# Exercise requirements
Each record should be copied exactly into the answer, and no picture should go with it.

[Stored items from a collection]

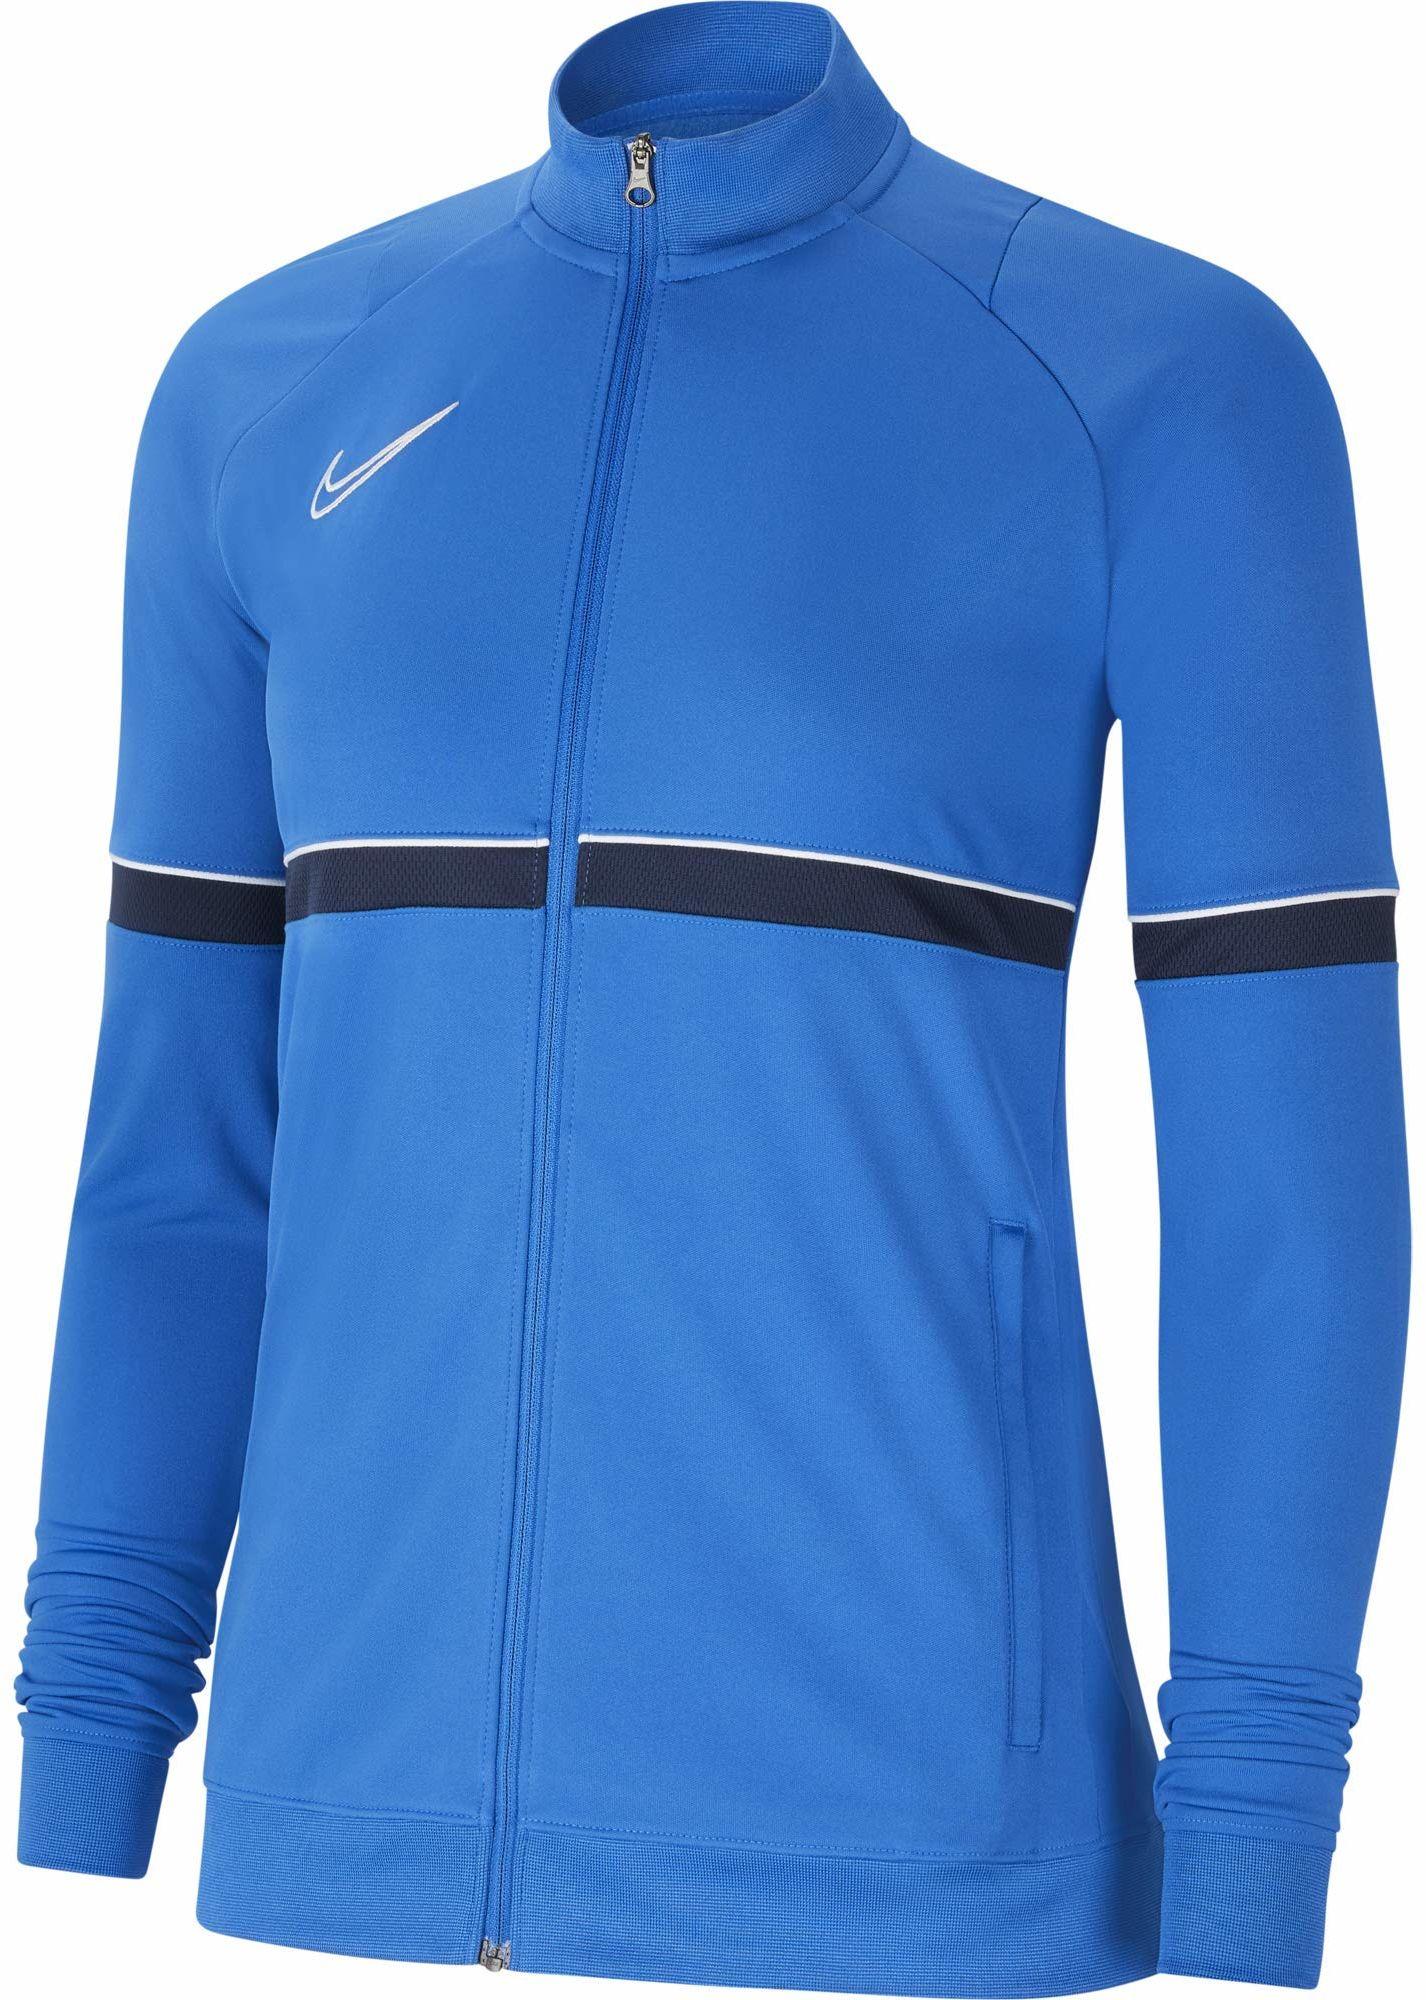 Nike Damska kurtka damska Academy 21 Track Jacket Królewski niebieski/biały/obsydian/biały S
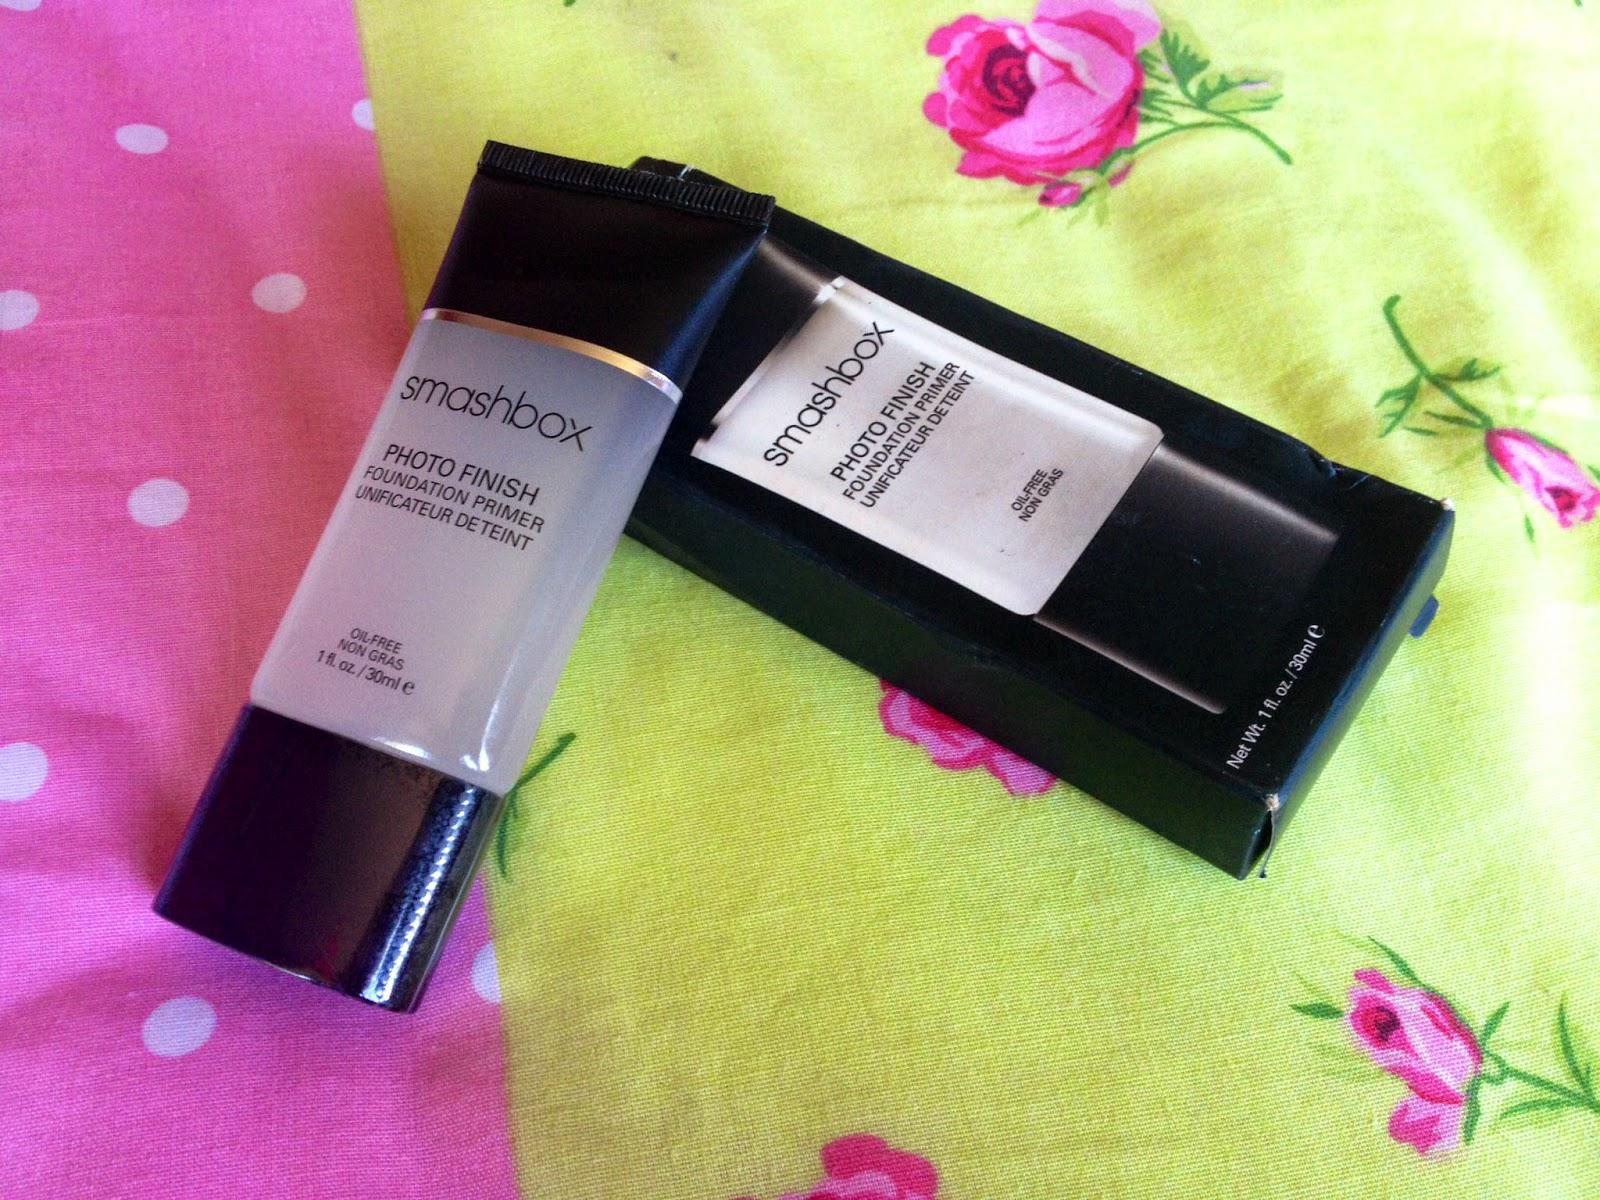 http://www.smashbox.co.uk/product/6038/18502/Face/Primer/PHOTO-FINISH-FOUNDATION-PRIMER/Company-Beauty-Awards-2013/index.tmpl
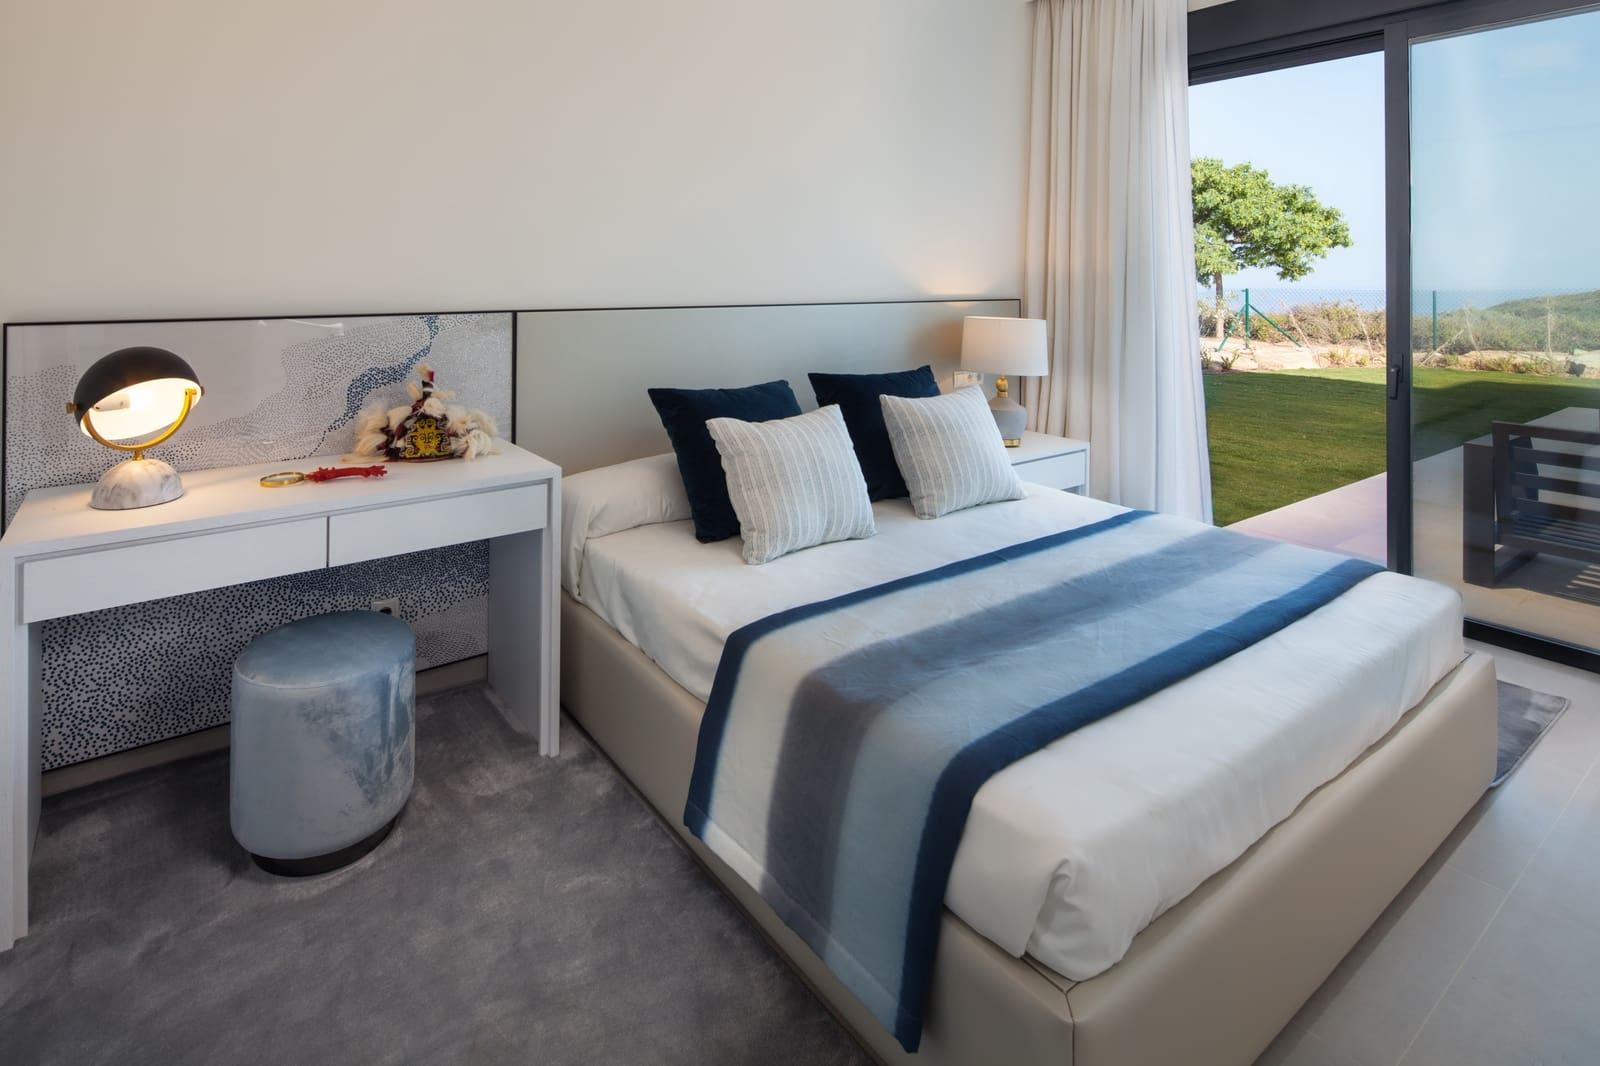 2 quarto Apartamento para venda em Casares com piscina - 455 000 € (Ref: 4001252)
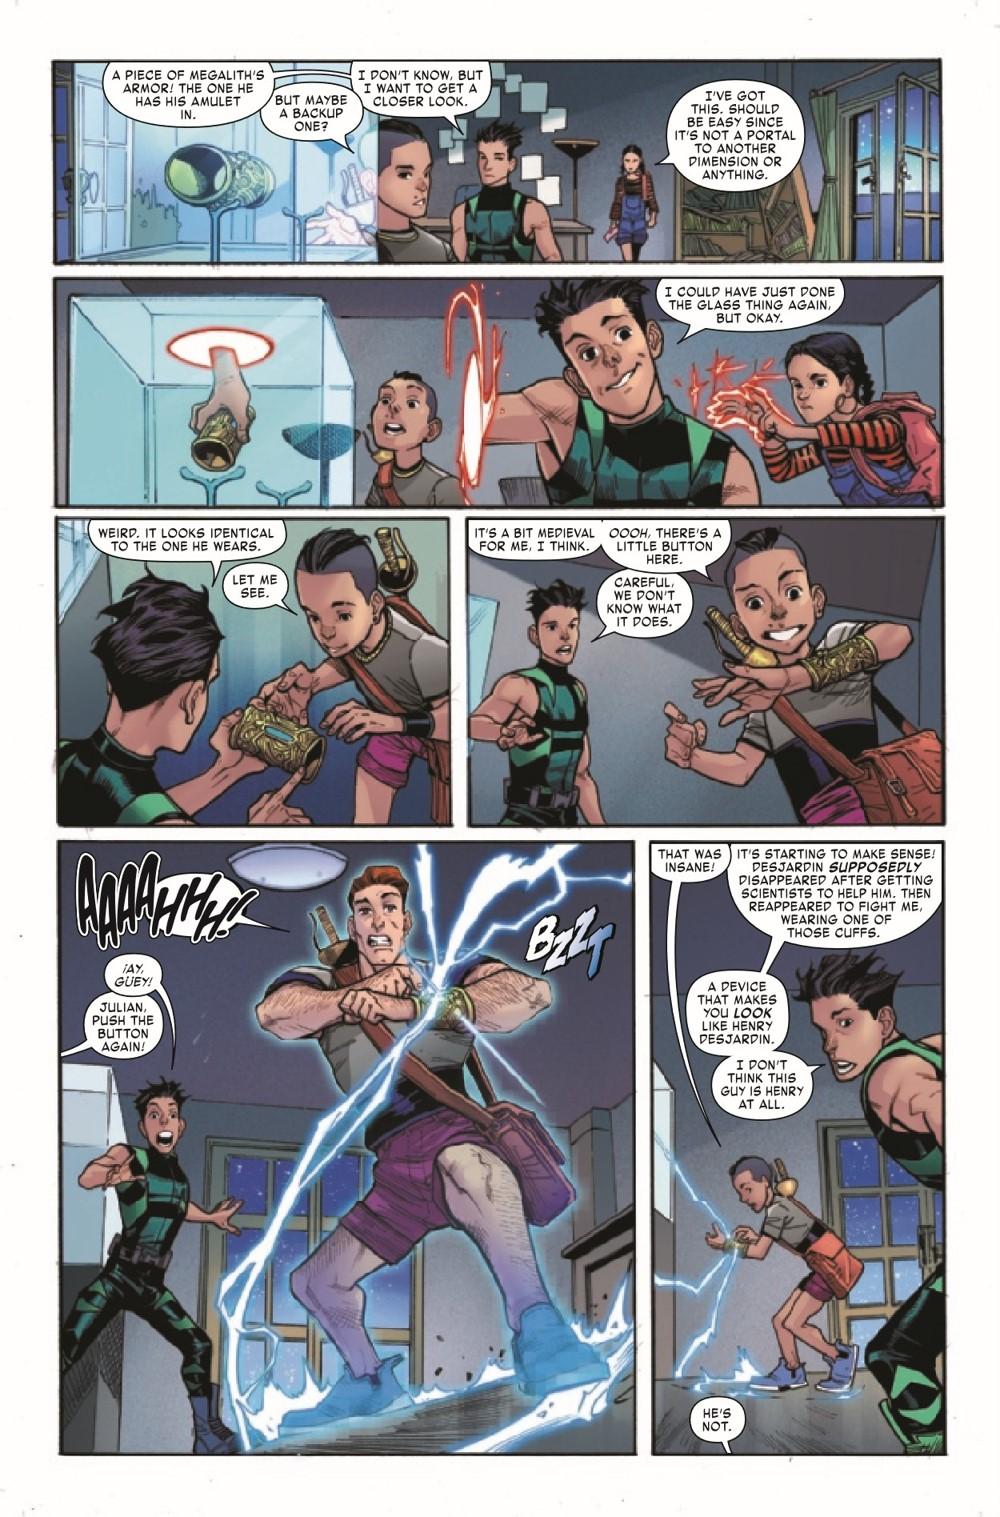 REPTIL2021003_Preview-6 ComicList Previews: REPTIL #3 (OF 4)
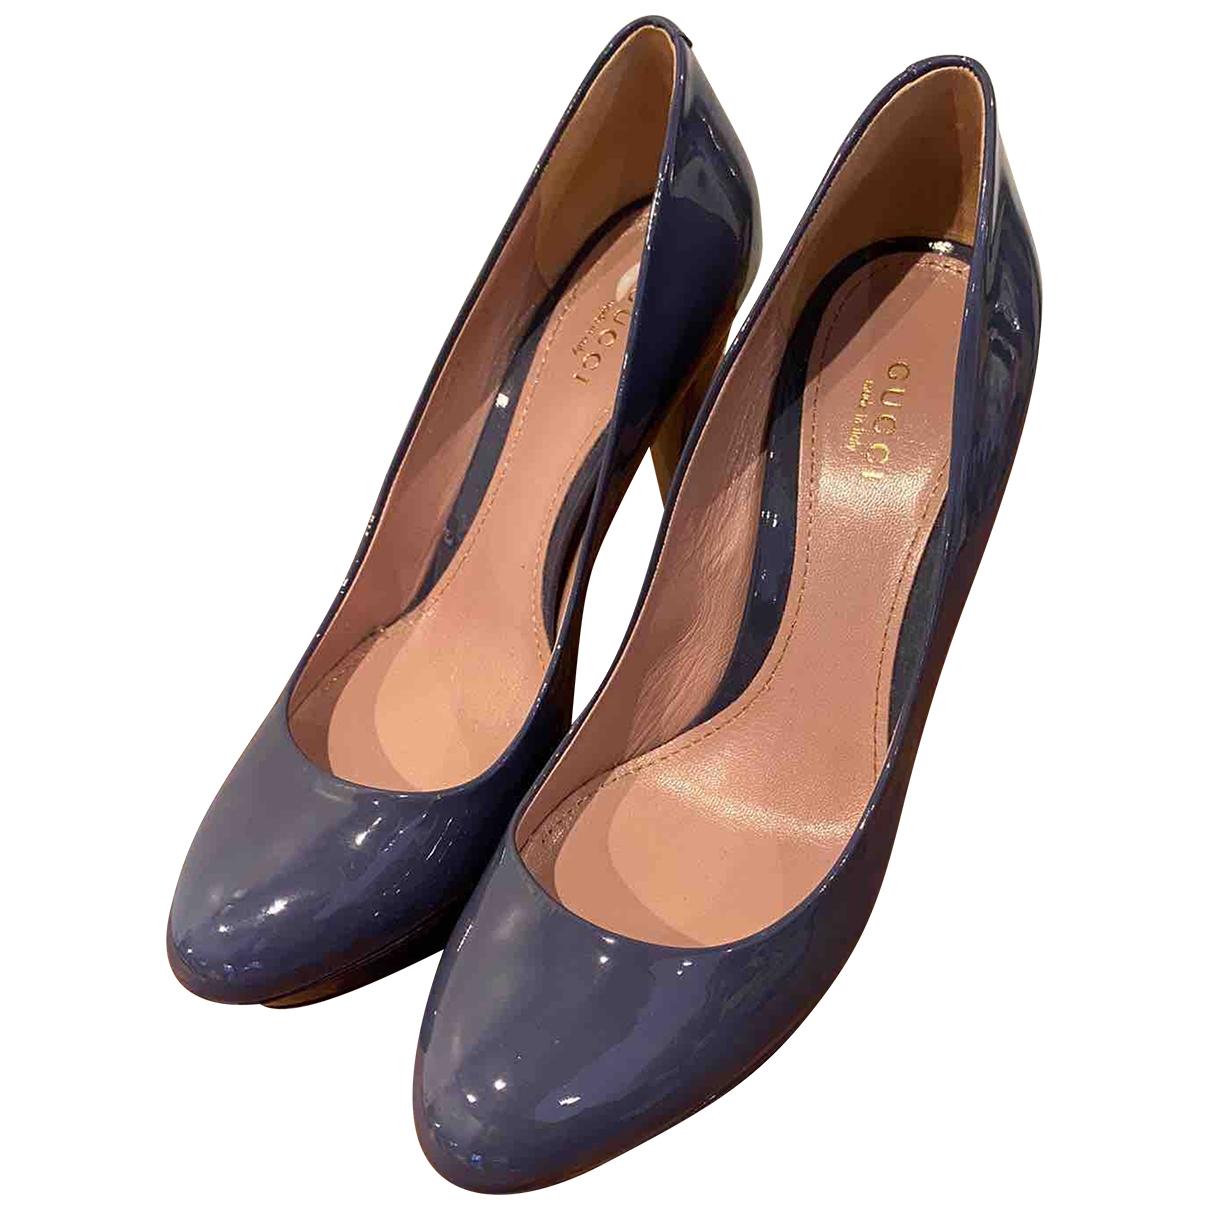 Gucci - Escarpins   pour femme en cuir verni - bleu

# Result
 Nike Damska kurtka damska Academy 21 Track Jacket Królewski niebieski/biały/obsydian/biały S
 http://www.smashbox.co.uk/product/6038/18502/Face/Primer/PHOTO-FINISH-FOUNDATION-PRIMER/Company-Beauty-Awards-2013/index.tmpl
 2 quarto Apartamento para venda em Casares com piscina - 455 000 € (Ref: 4001252)
 REPTIL2021003_Preview-6 ComicList Previews: REPTIL #3 (OF 4)
 Gucci - Escarpins   pour femme en cuir verni - bleu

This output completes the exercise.